Among a total of 291 study participants with fracture, 16 were excluded due to missing questionnaire responses and 275 were included in the analysis. The mean age of the participants was 68.1 years (±10.6), with a range in age from 50 to 94 years, and 72% were female (Table 1). Grouped by fracture type, hip fracture participants had the highest mean age of 74.2 years (SD 11.23), while wrist-like fracture participants had the lowest average age of 64.41 years (SD 9.09).
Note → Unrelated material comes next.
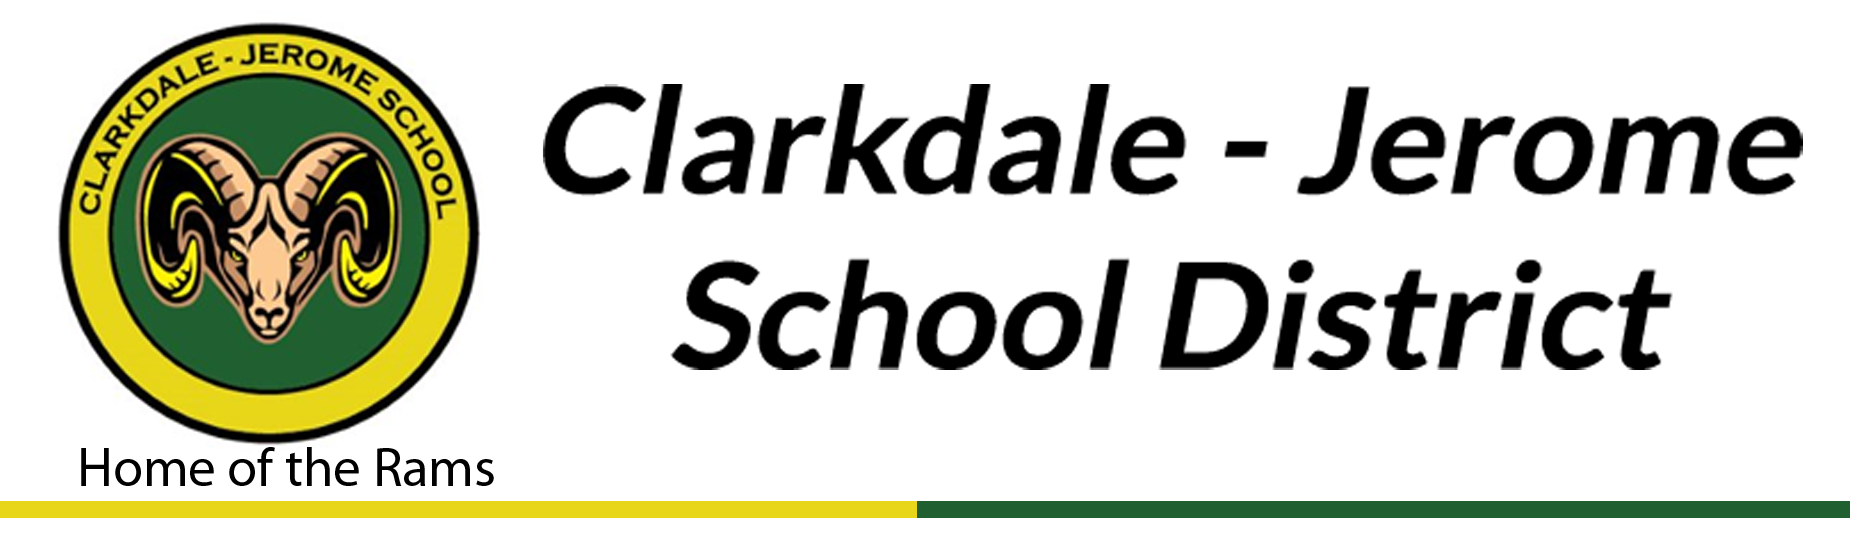 Clarkdale Jerome School

Table 1 Characteristics of the sample (n = 275)

Participants’ mean EQ-5D-US HSV was 0.85 (SD 0.14) and mean SF-6D HSV was 0.76 (SD 0.13). OPAQ’s four main dimension means (SD) for the entire group were: physical function 86.1 (17.4), emotional status 70.4 (16.1), symptoms 65.74 (18.6), and social interaction 60.6 (16.9).

Statistically significant correlations were observed for all EQ-5D dimensions with all OPAQ dimensions except social interaction and for all SF-6D dimensions with all of the OPAQ dimensions (p < 0.001) (Table 2). OPAQ’s physical function dimension exhibited the strongest significant correlations with EQ-5D dimensions, ranging from −0.34 to −0.60, followed by emotional status, and symptoms. A similar pattern with stronger correlation coefficients was noted between OPAQ dimensions and SF-6D, and the correlation between SF-6D dimensions and OPAQ social interaction was significant. All domains that comprise OPAQ’s physical function, emotional status, and symptoms dimensions exhibited significant correlations to all EQ-5D dimensions. For the domains that form OPAQ’s social interaction dimension, the only significant, but slight, correlations were for the social network domain to EQ-5D usual activities and self-care dimensions.

Table 2 Spearman correlation coefficients for dimensions of EQ-5D and SF-6D with OPAQ

Tests for trend demonstrated similar consistency between OPAQ dimensions and EQ-5D and SF-6D dimensions. Tests for OPAQ’s physical function, emotional status, and symptoms dimensions were all highly significant (p < 0.001) with each of the five EQ-5D dimensions. OPAQ’s social interaction dimension, again, did not show a significant trend with EQ-5D. OPAQ domains demonstrated similar trend patterns.

Univariate regression models

In separate, univariate regression analyses, each of OPAQ’s four dimensions demonstrated statistically significant relationships with EQ-5D-US and SF-6D HSVs. The relationship between social interaction and EQ-5D-US and SF-6D HSVs was the weakest of the four dimensions. The following variables were also individually statistically significant predictors of EQ-5D-US HSVs: age (as continuous variable, p = 0.004), BMI (p = 0.006), alcohol use (categorized as <1/week or ≥1/week, p = 0.012), education (categorized as up to high school versus beyond high school, p < 0.001), current employment (p = 0.001), and Deyo score (an adaptation of the Charlson comorbidity index, p < 0.001) [35, 36]. Race, Hispanic origin, currently smoking, living alone, and taking alendronate or raloxifene were not statistically significant predictors of EQ-5D-US HSVs in individual regressions. For SF-6D, univariate relationships were similar except that BMI did not predict SF-6D HSVs.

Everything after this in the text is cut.